On a traduit le principe de subsidiarité par cette formule populaire « Ne jamais confier à un organisme de rang supérieur ce qui peut être fait par un organisme de rang inférieur ». A l’évidence, cela pourrait sembler logique mais si l’on examine l’histoire, la société qui a réalisé le plus complètement possible le principe de subsidiarité, c’est la France d’Ancien Régime.

Sous l’Ancien Régime les pouvoirs de l’Etat c’étaient : la police, l’armée, la justice, les tribunaux, c’est-à-dire l’appareil de répression et la diplomatie.
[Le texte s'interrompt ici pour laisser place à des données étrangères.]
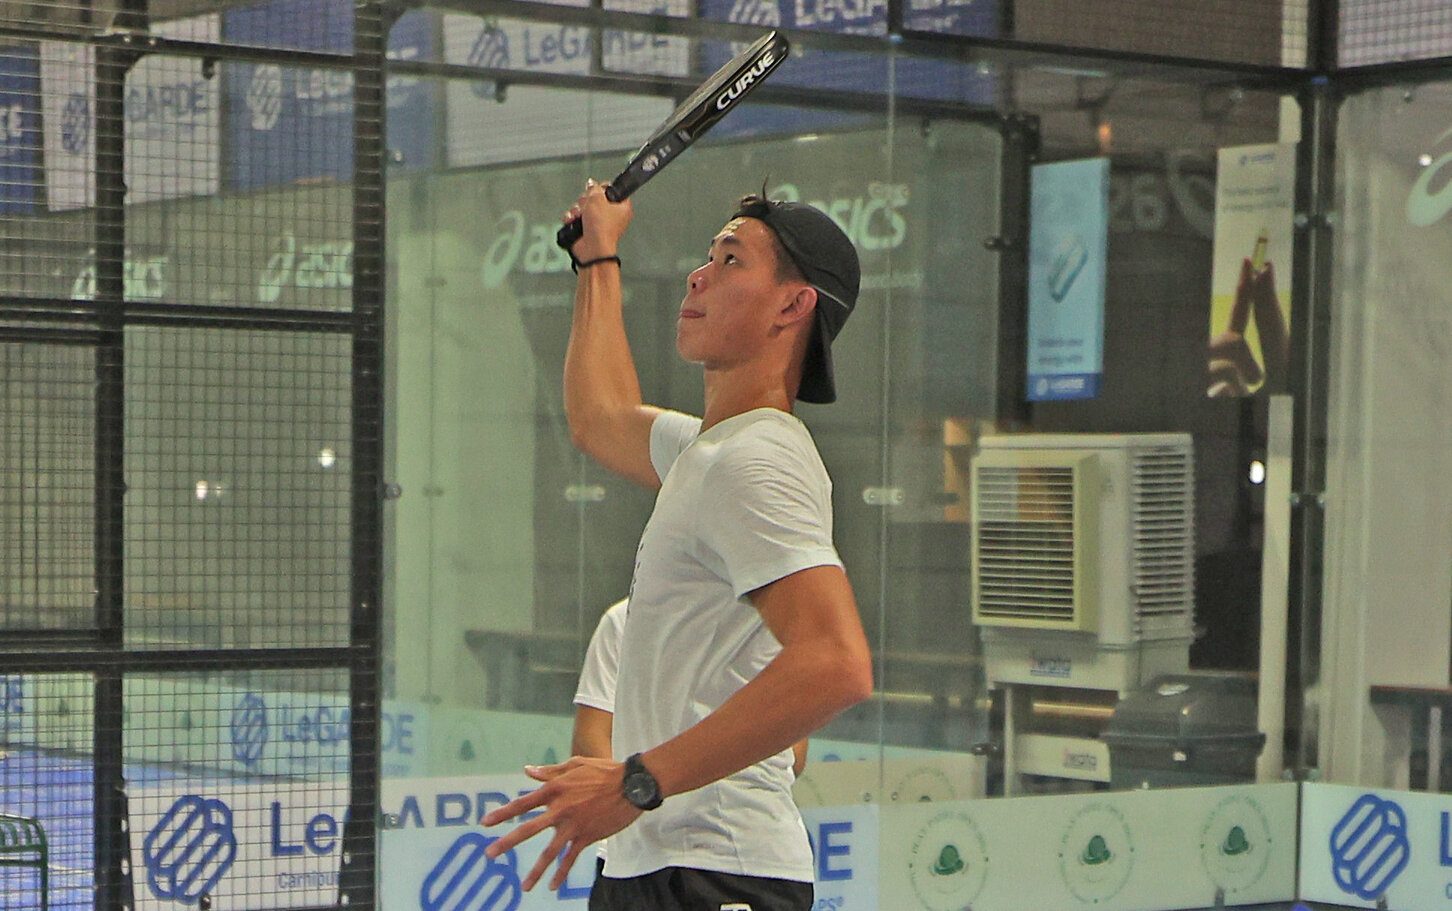 What’s padel? Obiena, Cayetano try out the growing sport

Tous ce qui caractérise une société moderne : l’école, la santé, le prélèvement de l’impôt, tous ces éléments fondamentaux ont été confiés à des organismes de rangs inférieurs, l’Eglise et les fermiers généraux...

Nous constatons aujourd’hui que lorsque l’on privatise les services des eaux, les pompes funèbres, les services de cantine scolaire, quand on réclame le prélèvement de l’impôt par l’employeur directement sur le salaire, on en revient à la France d’Ancien Régime, c’est-à-dire que l’on confie à des organismes de rangs inférieurs ce qui appartient à l’Etat, à la République et aux collectivités territoriales.

Comme le droit communautaire est supérieur aux législations nationales, alors il faut les changer pour leur fait intégrer la subsidiarité. C’est ce qui a été fait en France, le 17 mars 2003 par une honteuse révision constitutionnelle. Cette « réforme » tend à briser tout l’héritage de la grande Révolution française. En détruisant l’unité et l’indivisibilité des services publics, ils remettent en cause l’égalité des citoyens devant la loi.

Pour la Libre Pensée française, une constitution qui fonctionne sur la base du principe de subsidiarité ne peut pas être une constitution démocratique et laïque. C’est pourquoi, nous proposons à tous les partisans de la séparation des Eglises et des Etats, à toutes les associations laïques en Europe d’organiser en commun une manifestation européenne à Bruxelles « Pour la laïcité en Europe ».

Je vous remercie et vous dit à bientôt.